曾经给过她一块钱评价的人现在如此赞美她,蓝海星不可否认心里相当愉快。
“不知道宠物杀人案我有什么可以帮到蓝医师的?”白弈抬起眼眸问道。
“宠物杀人案……”蓝海星顿了顿,“你觉得那个扳手代表什么含义?”
“蓝医师自己又是怎么想的呢?”
“我认为要看扳手具体代表着什么样的含义,签名?预告?至少要知道他留下这个标记的目的是什么?你说对吗,白博士?”
白弈坐回办公桌后,拿出了笔记本。
蓝海星的目的当然并不是宠物杀人案,可白弈只是低头书写,她也只好接着往下说:“我个人感觉……这不是签名。”
“为什么?”白弈总算抬起了头。
蓝海星轻咳了一声:“系列杀手在尸体上签名,除了宣扬所有权和挑衅之外,也有可能是理念声张。他以一包廉价的烟为报酬,教会了范力杀掉坑害他的房东,在心理上他认为自己是无罪的……”
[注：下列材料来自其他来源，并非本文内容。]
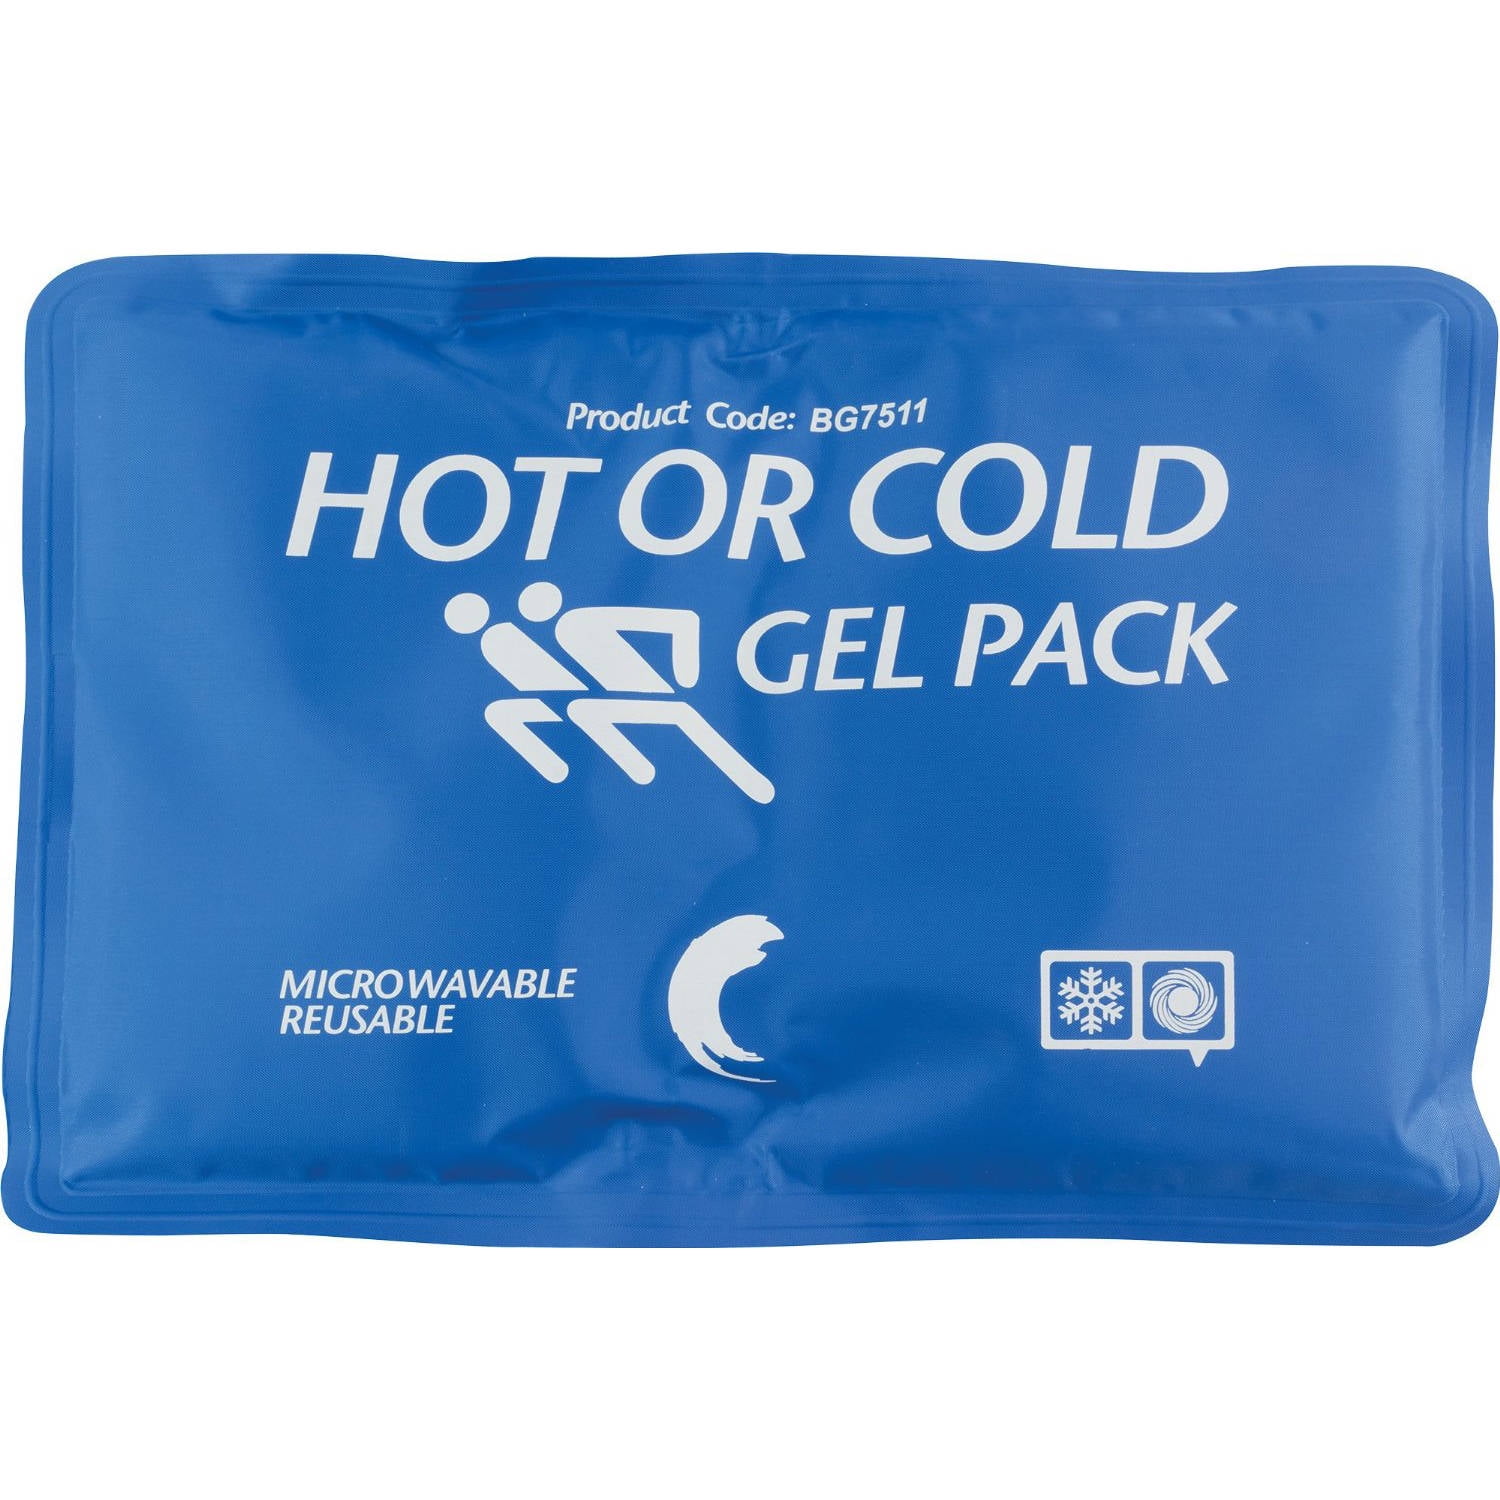 Cold pack. Gel Pack. Hot or Cold Gel Pack. Гель пак 26 производители.
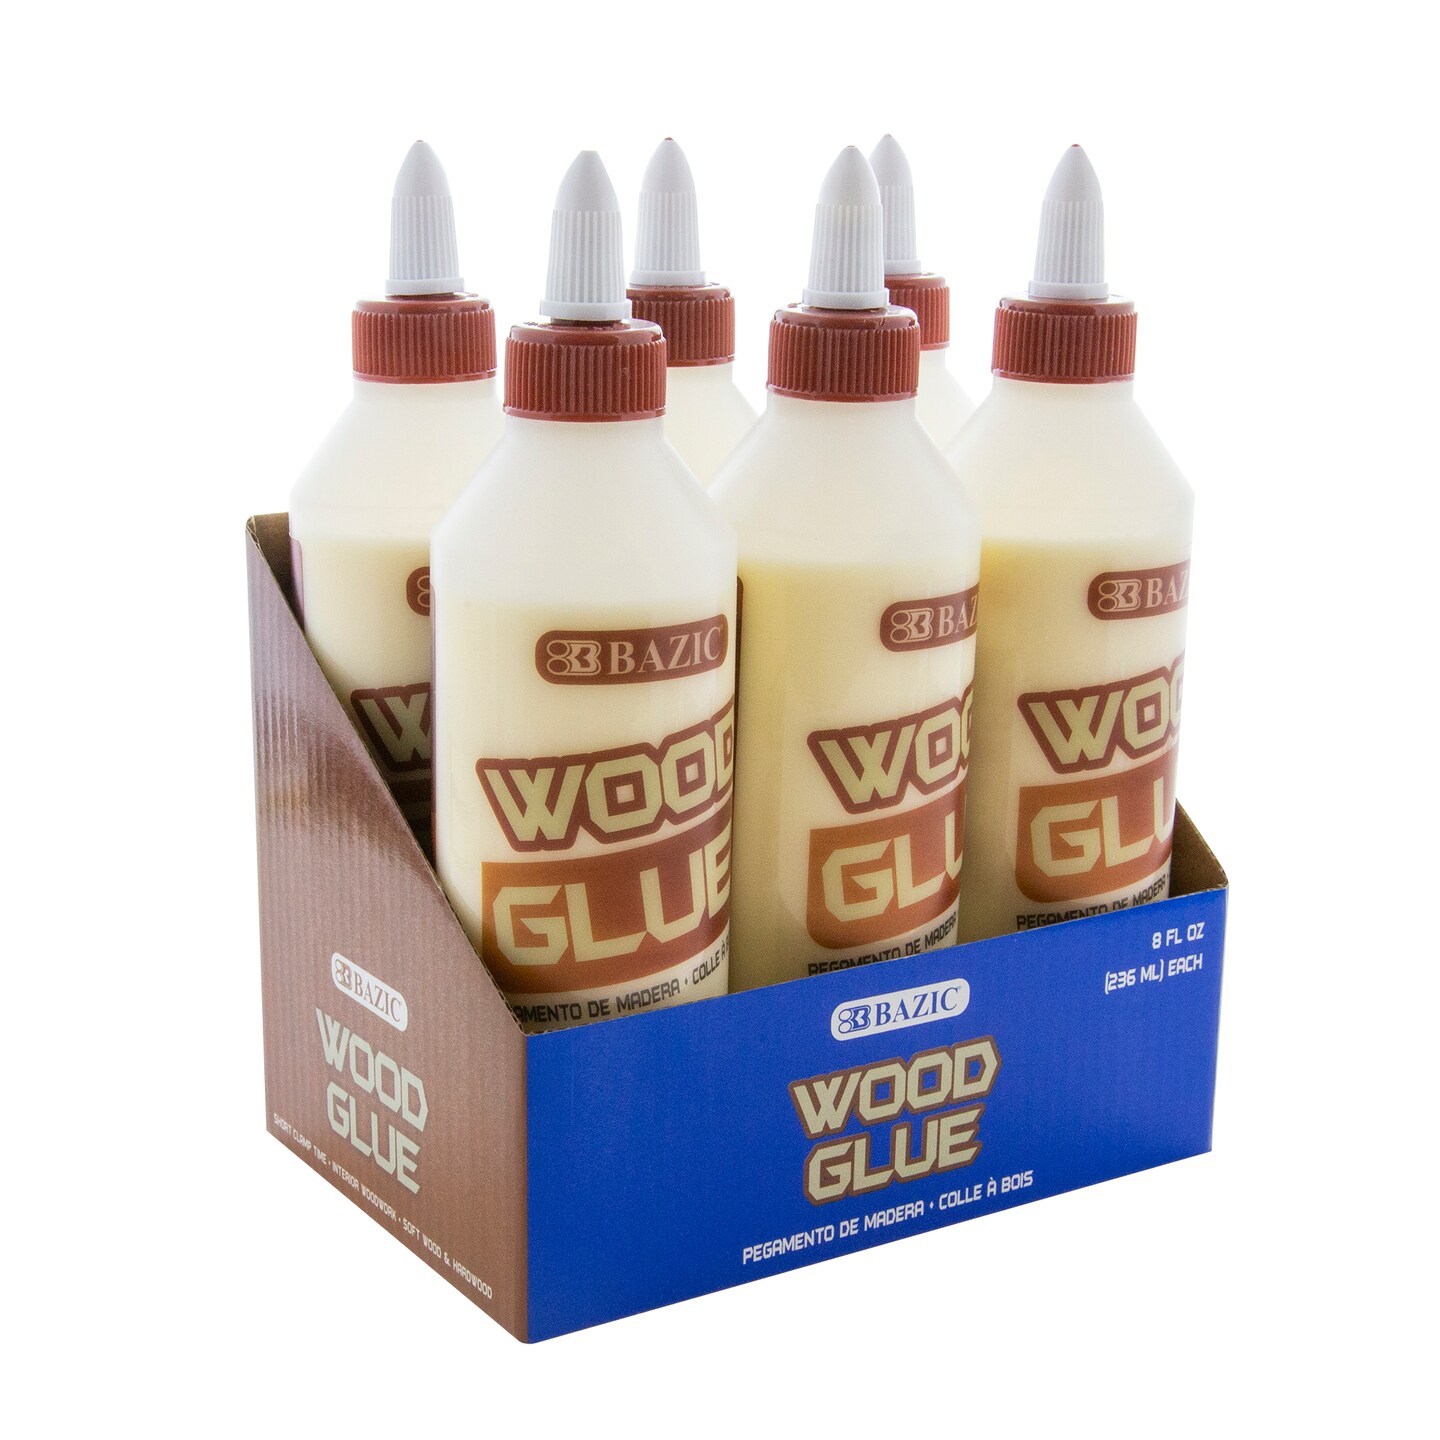 BAZIC Wood Glue Jumbo 7 5/8 FL OZ (236 mL) w/ PDQ Display

“不……”蓝海星的目光好像穿过了时空,看见了那个人影,“他非但觉得自己是无罪的,他还认为自己很高尚。他的签名应该更具有内涵,而不是一把扳手,这不符合他高尚的理念……”
她收回目光,见白弈低头看着笔记沉思,手里无意识地转动着笔,笔杆在修长的指间快速地翻动着,花样繁复,看得蓝海星目瞪口呆,嘴里的话瞬时就噎在了喉口。
白弈恰巧抬起头,蓝海星连忙收起吃惊的表情,正色地问:“白博士觉得呢?”
“我认为蓝医师说得很有道理。”蓝海星脸上刚露笑容,白弈又接着说了一句:“只是我认为蓝医师过于感性,而面对系列凶手,有时过于感性是件危险的事情。”
蓝海星顿了顿道:“那不如请白博士说说理性的判断?”
“他在案发现场出现过,证明他一直关注着目标。同样的,他留下这个隐晦的题目,就会一直关注着我们的答案,所以……”白弈淡淡地道,“他很有可能有途径认识我们每一个人,知道我们的答案。”
蓝海星情不自禁地直起了背脊:“他是圈中人。他是一名心理医师?”
“也有可能是一名懂心理学的警察,或者是教授心理学内容的老师。”白弈慢慢合上笔记本,语调像似漫不经心,“了解毕加索,应该去了解他的艺术,了解变态杀手,就该去了解他的罪行,对他们,过于感性就会是件危险的事情。对于我来说,一个变态杀手的理念究竟是什么不重要,重要的是找到那条会让他露出马脚的犯罪心理痕迹。”
陌生而遥远的凶手突然变得像是近在身旁,蓝海星一时之间觉得思绪纷乱,宠物杀人案只不过是她用来接近白弈的借口,可现在她都想不起来该说什么了。
蓝海星压回纷乱的心思,装作随意地瞥了一下四周,便看着那堆油画回到自己的首要目的:“怎么,白博士收集油画吗?”
“我母亲的画,家里正在装修,所以暂时存放在办公室。”
蓝海星笑道:“哦,看来白博士的妈妈很喜欢水乡。”
“她出生在那里。”
“哪里?”蓝海星几乎是下意识地脱口问道。
“清水镇。”
“清、水、镇……”蓝海星无声地重复了一遍,然后笑道,“好像是个旅游胜地啊,白博士去过清水镇吗?”
“我在外公家住过两年。”白弈反问道,“蓝医师也去过?”
蓝海星面带遗憾地道:“那倒没有,不过有机会一定会去见识一下,能让一个画家落笔的地方,一定很美吧。”
“水乡情结吧,吴娘桥下过,人家尽枕河。住过水乡的人都会有这种情结的吧。”
蓝海转过头去,放在最前面的那张画正是这么一幅图。
鳞次栉比的墨瓦房屋夹着狭长的河道,一艘乌篷船向着远处石板拱桥下而去,在春河上拖曳出几道白色的水纹。